Brief
The listing that follows should be copied in full and exactly, with no pictures.

Data excerpt
----------------------------------------

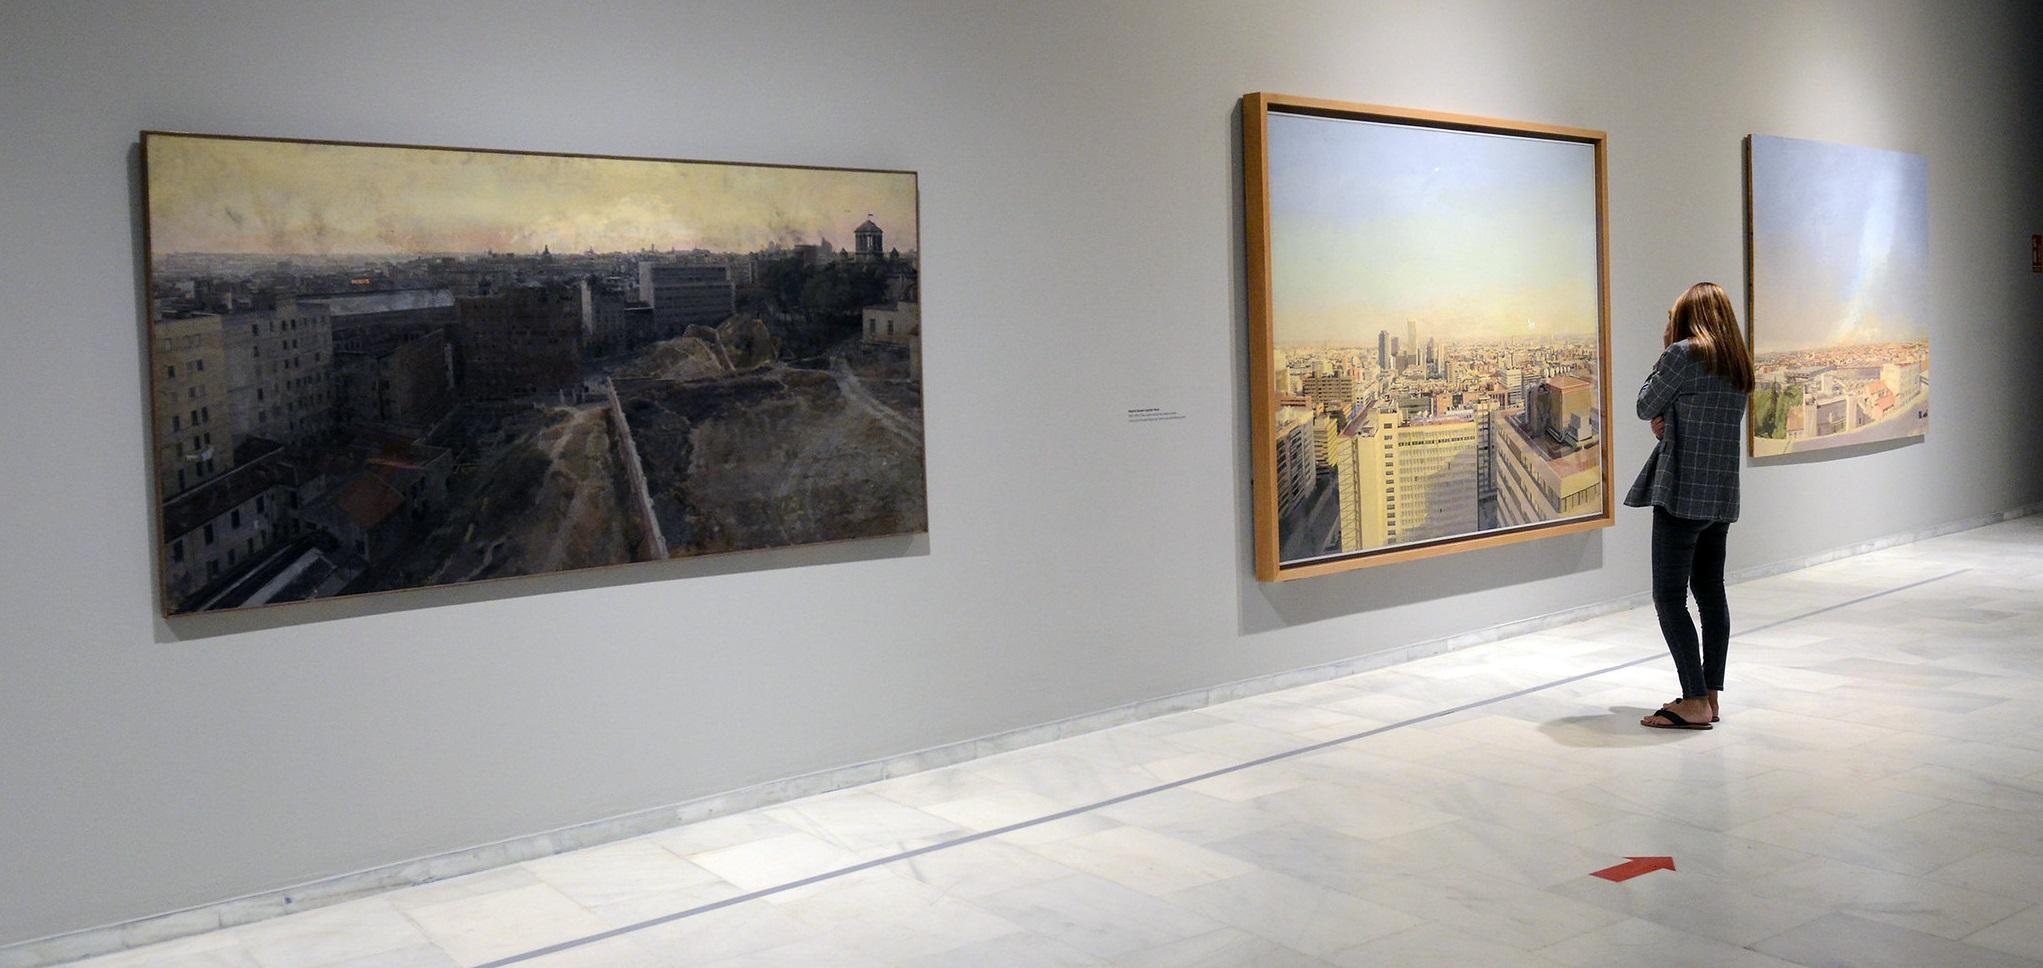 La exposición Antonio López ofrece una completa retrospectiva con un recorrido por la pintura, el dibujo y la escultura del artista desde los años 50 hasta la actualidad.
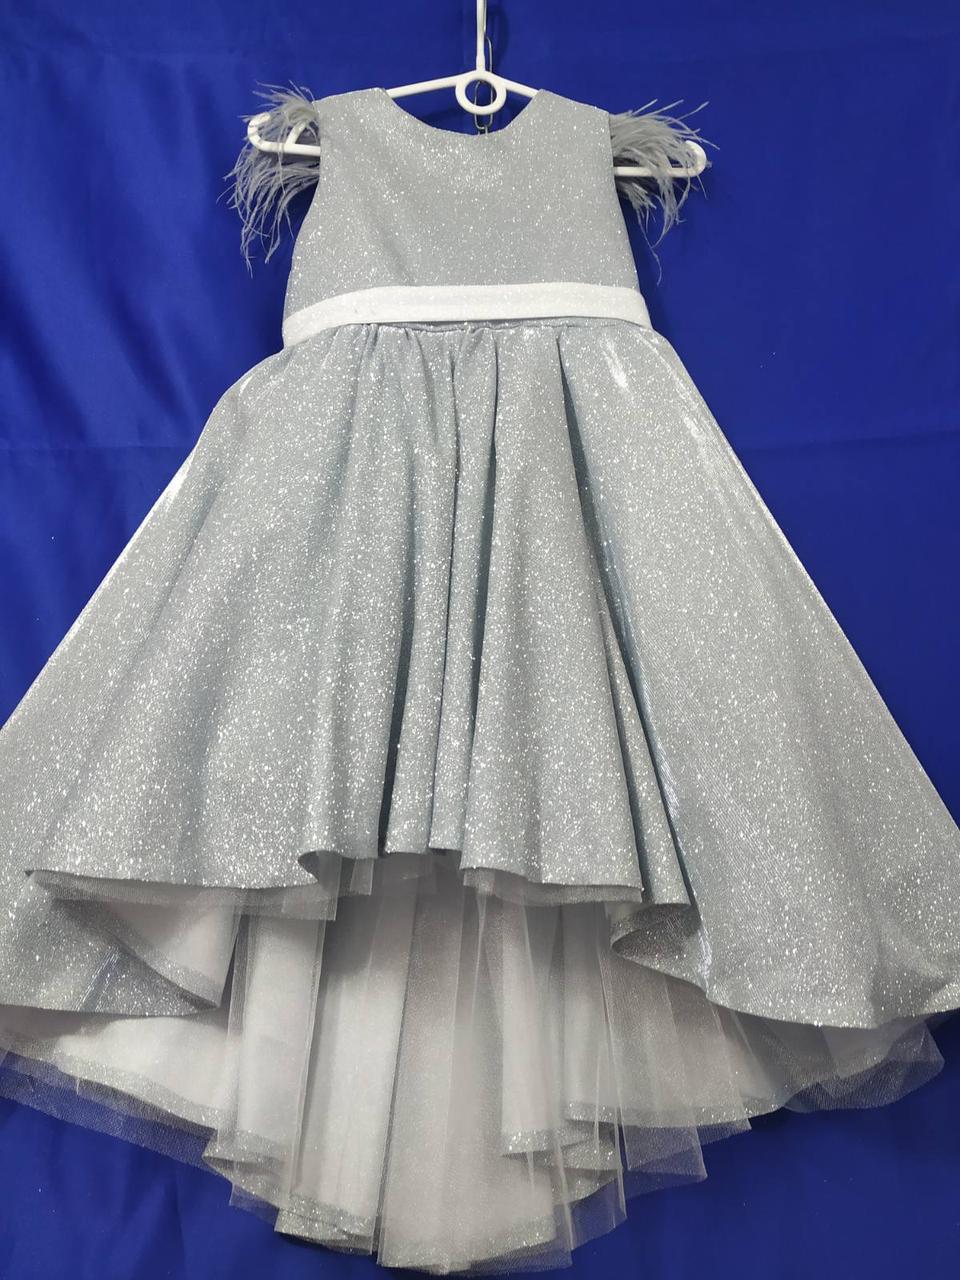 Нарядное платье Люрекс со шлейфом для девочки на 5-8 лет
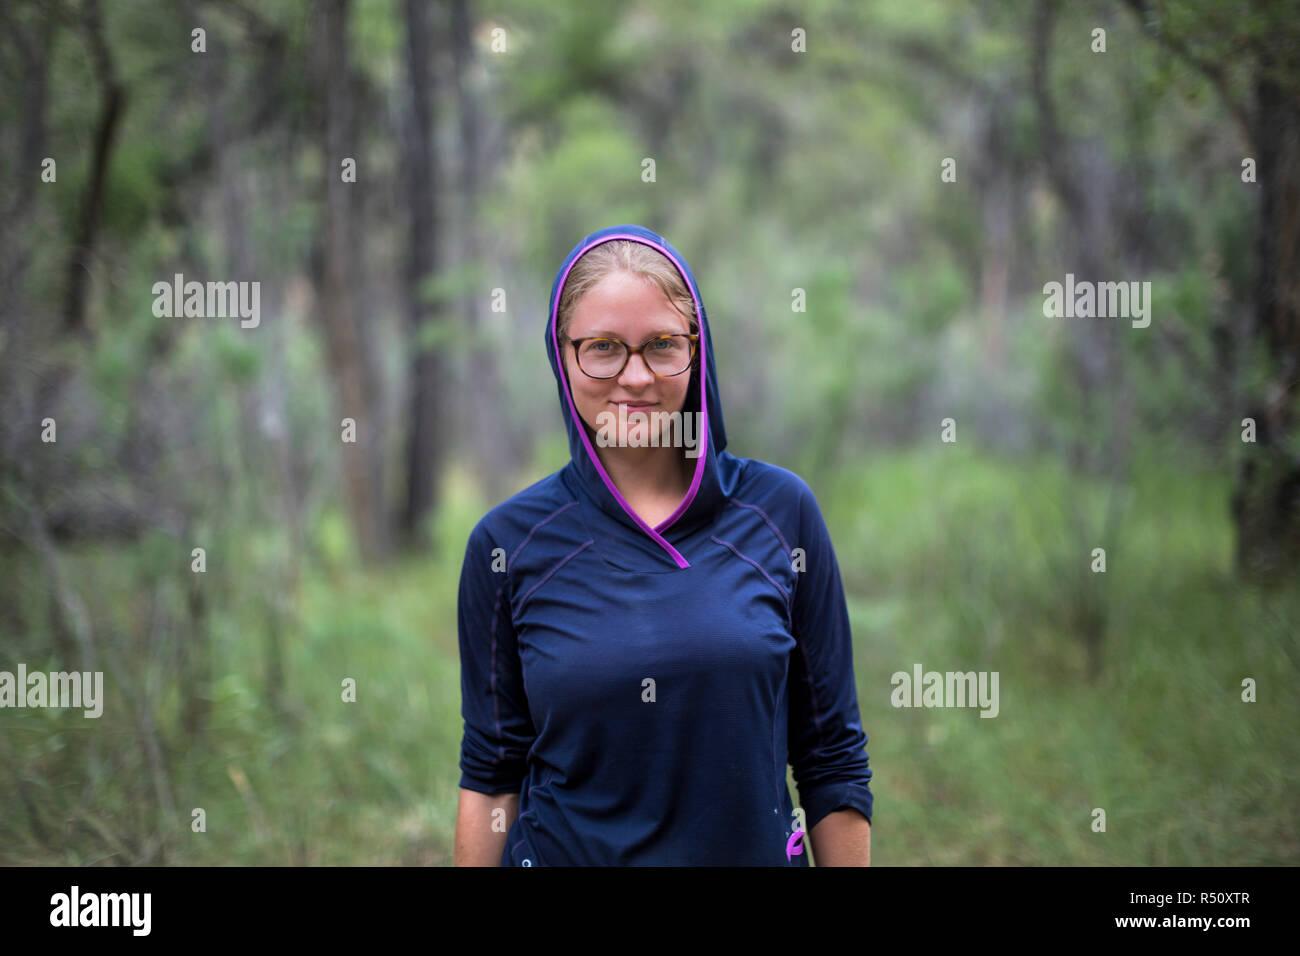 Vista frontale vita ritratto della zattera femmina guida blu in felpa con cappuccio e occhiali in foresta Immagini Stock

----------------------------------------

Response for this exercise
 La exposición Antonio López ofrece una completa retrospectiva con un recorrido por la pintura, el dibujo y la escultura del artista desde los años 50 hasta la actualidad.
 Нарядное платье Люрекс со шлейфом для девочки на 5-8 лет
 Vista frontale vita ritratto della zattera femmina guida blu in felpa con cappuccio e occhiali in foresta Immagini Stock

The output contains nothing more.